━━━ Supplied records ━━━
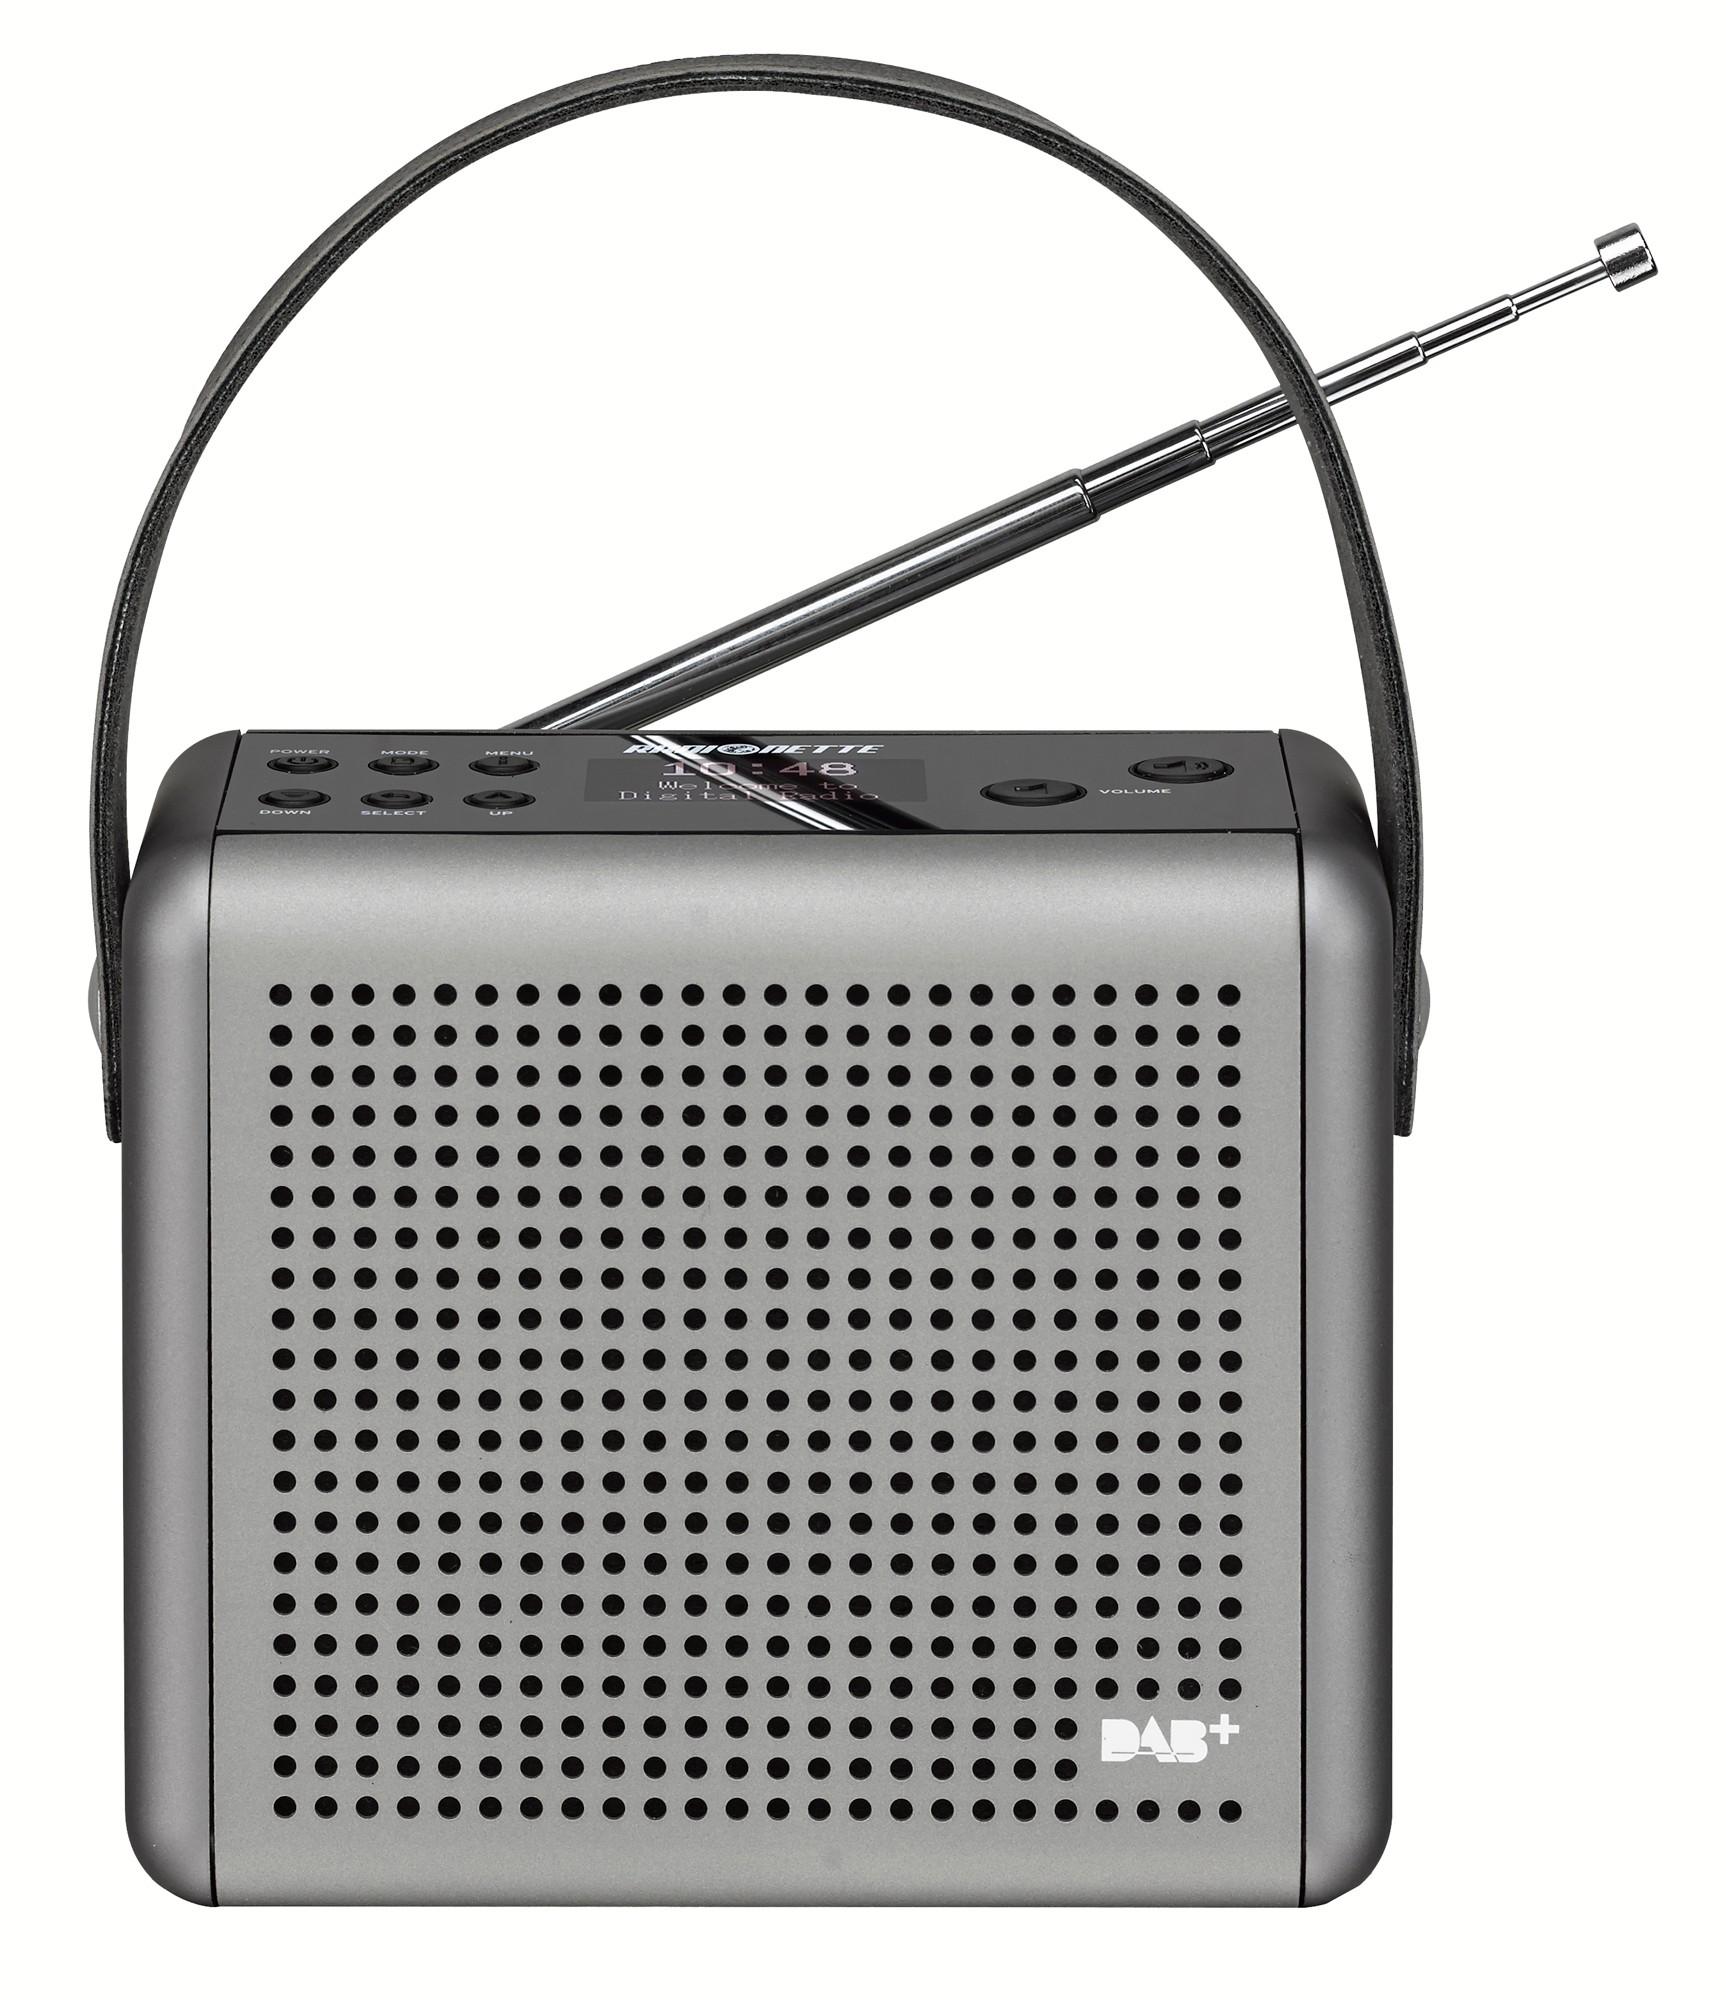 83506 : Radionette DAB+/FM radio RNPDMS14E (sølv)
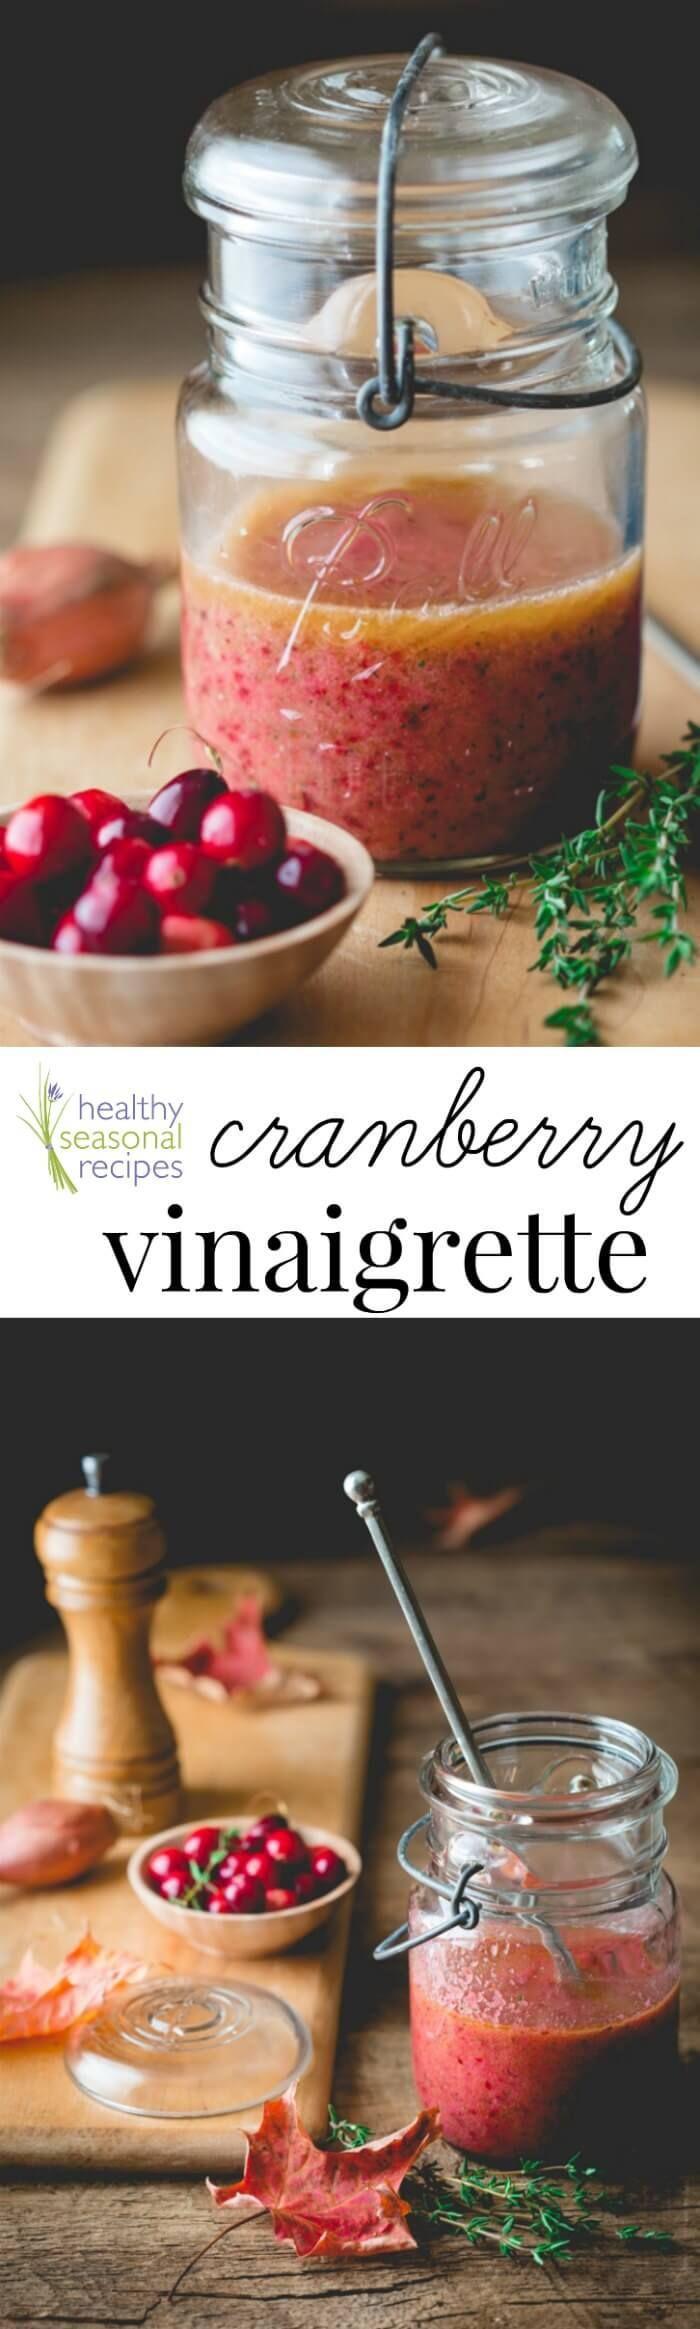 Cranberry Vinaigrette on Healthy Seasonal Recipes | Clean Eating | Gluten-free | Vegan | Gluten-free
━━━
━━━ Supplied records ━━━
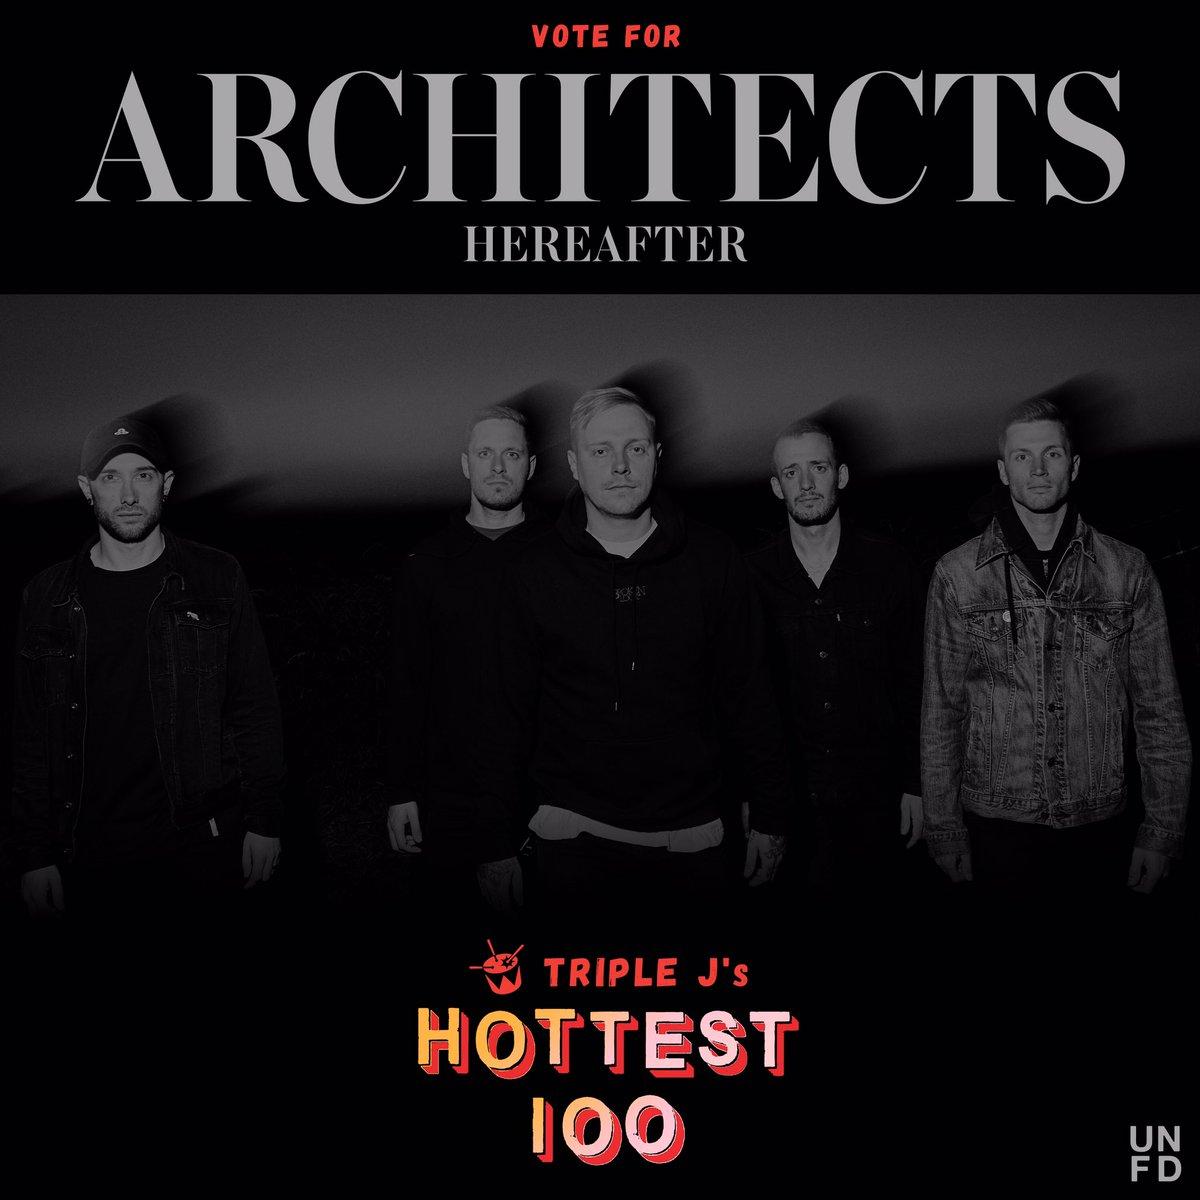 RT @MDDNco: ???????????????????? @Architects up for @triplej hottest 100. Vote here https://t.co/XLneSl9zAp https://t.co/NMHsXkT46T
━━━
*What you have to do*
Reproduce exactly the lines above starting at the line containing "83506 : Radionette" and ending at the line containing "Cranberry Vinaigrette on", including both, but not the pictures.

*Written answer*
 83506 : Radionette DAB+/FM radio RNPDMS14E (sølv)
 Cranberry Vinaigrette on Healthy Seasonal Recipes | Clean Eating | Gluten-free | Vegan | Gluten-free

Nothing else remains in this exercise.